Note the "-l other=hyperthread" option. This ensures the job runs on all hyperthreads of the KNL node, i.e. would effectively use 4 x 64 = 256 threads in this case. Without this option, the job would only use the physical thread of each core and would therefore run 64 threads only. For many applications we noticed a better performance when oversubscribing using hyperthreading.

In order to request more than one KNL node, specify a multiple of 64 cores. For example, if 4 nodes are required, specify "#PBS -l ncpus=256" in the above script. 

Available Software

As stated above, code running on normal Raijin compute nodes should run directly on the KNL nodes. However, for better performance a few commonly used applications have been rebuilt for these nodes. 

NAMD (2.11)

  • namd2-knl (openmpi)

          Using hyperthreading:

#PBS -l ncpus=64
#PBS -l other=hyperthread
...
module load namd/2.11
mpirun -np 256 --report-bindings --oversubscribe --map-by hwthread namd2-knl input > output
  • namd2-node-knl (openmp)

          Using hyperthreading:

#PBS -l ncpus=64
#PBS -l other=hyperthread
...
export OMP_NUM_THREADS=256
module load namd/2.11
namd2-node-knl +p 256 input > output

Quantum Espresso (5.4.0-knl)

module load espresso/5.4.0-knl
mpirun pw.x -input input > output 

VASP (5.4.1)

  • vasp_std-knl
  • vasp_gam-knl
  • vasp_ncl-knl
moduel load vasp/5.4.1
mpirun -np $PBS_NCPUS vasp_executable > vasp.out

Gromacs (5.1.3-knl)

  • gmx
  • gmx_mpi
module load gromacs/5.1.3-knl
mpirun gmx_mpi mdrun ...

Benchmark Results

        

       

NAMD: Problem size (1M atoms, STMV)

  • NAMD 2.11 + openmpi/1.10.0
  • One KNL node with openmpi + hyperthreading is 1.36x speedup compared with a Raijin compute node.

Quantum Espresso

  • Only PWSCF (Plane-Wave Self-Consistent Field) is available for now.
  • One KNL node is 1.48x speedup compared with a Raijin compute node.
  • Do not use hyperthread as it runs slower than without hyperthreading.

VASP

  • One KNL node is 3.79x speedup compared with one Raijin compute node.
  • VASP has hyper-scaling characteristic. Performance of 4 Raijin nodes (64 CPUs) with MPI is 5.75x speedup compared with 1 Raijin node. 4 Raijin nodes is 1.51x speed up compared with 1 KNL node which also has 64 CPUs, however, 4 Raijin nodes costs 4 times that of 1 KNL node (64 SUs per hour vs 16 SUs per hour).
  • The value of NCORE should also be tuned to get the best performance.
  • Do not use hyperthread as it runs slower than without hyperthreading.

Gromacs

  • One KNL node is 1.39x speedup compared with one Raijin compute node.
  • The tests were run without hypertheading.
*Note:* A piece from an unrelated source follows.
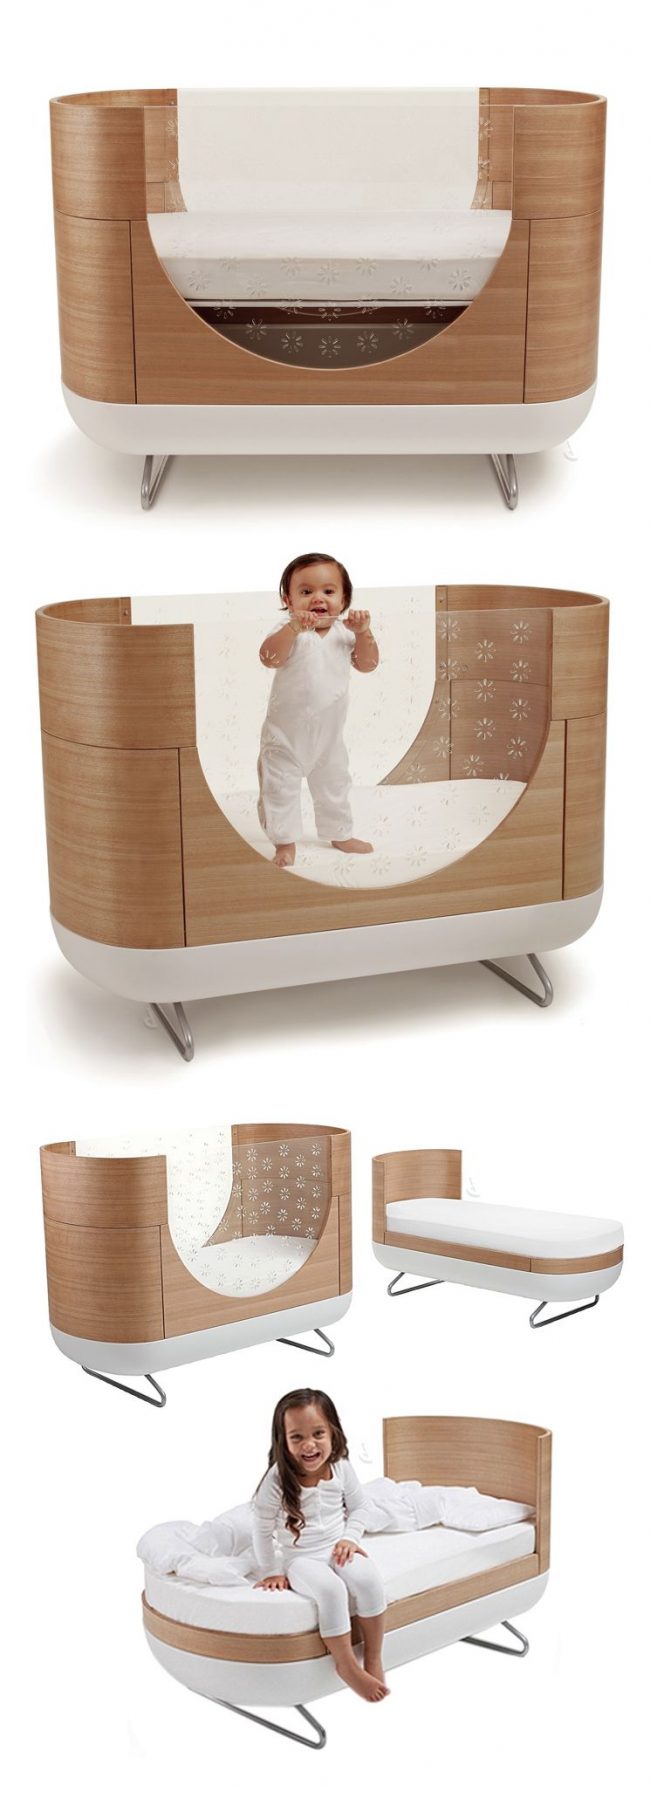 سرير الأطفال المتحول مناسب للاستخدام وسيوفر لك المال والمساحة في الغرفة

Optimizing Code for KNL - Vectorization 

There are certain considerations to be taken into account before running legacy codes on KNL nodes. Primarily, the effective use of vector instructions is critical to achieving good performance on KNL cores. For guideline of how to get vectorization information and improve code vectorization, refer to How to Improve Code Vectorization.